# [WORK TASK]
Pull every line with "United" from the data.
==============================
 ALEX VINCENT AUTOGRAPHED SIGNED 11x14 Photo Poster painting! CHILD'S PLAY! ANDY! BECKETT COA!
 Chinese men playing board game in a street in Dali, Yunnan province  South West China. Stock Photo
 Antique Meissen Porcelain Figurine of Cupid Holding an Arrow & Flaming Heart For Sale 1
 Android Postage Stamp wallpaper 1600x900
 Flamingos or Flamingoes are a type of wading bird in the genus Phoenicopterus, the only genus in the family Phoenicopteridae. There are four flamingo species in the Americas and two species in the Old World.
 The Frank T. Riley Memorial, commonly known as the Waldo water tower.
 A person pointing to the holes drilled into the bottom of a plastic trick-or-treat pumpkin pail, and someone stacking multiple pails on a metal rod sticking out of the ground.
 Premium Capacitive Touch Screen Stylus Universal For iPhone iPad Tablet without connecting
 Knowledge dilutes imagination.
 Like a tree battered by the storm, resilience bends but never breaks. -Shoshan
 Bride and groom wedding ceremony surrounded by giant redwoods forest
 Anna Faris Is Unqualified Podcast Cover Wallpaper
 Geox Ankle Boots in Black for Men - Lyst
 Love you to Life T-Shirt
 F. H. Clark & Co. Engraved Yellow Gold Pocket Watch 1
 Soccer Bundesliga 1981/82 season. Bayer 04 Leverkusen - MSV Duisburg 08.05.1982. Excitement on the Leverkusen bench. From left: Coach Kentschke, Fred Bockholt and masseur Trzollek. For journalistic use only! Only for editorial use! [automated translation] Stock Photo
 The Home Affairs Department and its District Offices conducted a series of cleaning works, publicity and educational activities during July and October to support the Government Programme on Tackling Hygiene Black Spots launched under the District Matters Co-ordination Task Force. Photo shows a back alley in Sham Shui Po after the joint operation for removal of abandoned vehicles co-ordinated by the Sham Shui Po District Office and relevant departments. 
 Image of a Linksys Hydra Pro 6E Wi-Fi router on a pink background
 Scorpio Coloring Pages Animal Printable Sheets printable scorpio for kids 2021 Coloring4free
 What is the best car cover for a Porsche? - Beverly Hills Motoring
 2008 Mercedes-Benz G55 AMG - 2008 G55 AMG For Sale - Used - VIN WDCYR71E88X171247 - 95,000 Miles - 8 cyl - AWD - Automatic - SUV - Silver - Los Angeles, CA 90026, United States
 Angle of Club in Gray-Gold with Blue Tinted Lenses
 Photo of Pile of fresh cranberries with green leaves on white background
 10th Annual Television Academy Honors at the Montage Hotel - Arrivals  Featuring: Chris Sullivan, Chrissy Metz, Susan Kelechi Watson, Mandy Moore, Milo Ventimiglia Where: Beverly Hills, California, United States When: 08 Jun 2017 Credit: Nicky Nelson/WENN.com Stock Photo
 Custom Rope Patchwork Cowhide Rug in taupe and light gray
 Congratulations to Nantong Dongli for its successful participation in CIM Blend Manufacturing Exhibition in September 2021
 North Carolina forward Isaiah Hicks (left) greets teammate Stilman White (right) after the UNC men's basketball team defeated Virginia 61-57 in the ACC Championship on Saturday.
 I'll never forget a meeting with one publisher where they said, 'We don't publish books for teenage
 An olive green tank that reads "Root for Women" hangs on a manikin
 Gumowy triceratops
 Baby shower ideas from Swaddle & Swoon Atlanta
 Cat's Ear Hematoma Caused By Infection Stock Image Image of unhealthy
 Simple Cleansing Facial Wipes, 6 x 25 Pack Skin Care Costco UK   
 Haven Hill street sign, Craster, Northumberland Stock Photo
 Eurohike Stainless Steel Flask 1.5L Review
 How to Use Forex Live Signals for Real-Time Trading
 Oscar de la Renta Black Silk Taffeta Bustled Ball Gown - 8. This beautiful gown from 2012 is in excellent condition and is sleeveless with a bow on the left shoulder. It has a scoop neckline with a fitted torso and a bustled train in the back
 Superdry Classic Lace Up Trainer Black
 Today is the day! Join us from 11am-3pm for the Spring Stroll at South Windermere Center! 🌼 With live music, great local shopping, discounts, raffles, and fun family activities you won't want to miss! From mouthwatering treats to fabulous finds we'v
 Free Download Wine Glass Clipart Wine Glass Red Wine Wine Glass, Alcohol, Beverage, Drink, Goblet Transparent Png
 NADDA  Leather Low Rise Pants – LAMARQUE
==============================
# [EXERCISE RESPONSE]
 2008 Mercedes-Benz G55 AMG - 2008 G55 AMG For Sale - Used - VIN WDCYR71E88X171247 - 95,000 Miles - 8 cyl - AWD - Automatic - SUV - Silver - Los Angeles, CA 90026, United States
 10th Annual Television Academy Honors at the Montage Hotel - Arrivals  Featuring: Chris Sullivan, Chrissy Metz, Susan Kelechi Watson, Mandy Moore, Milo Ventimiglia Where: Beverly Hills, California, United States When: 08 Jun 2017 Credit: Nicky Nelson/WENN.com Stock Photo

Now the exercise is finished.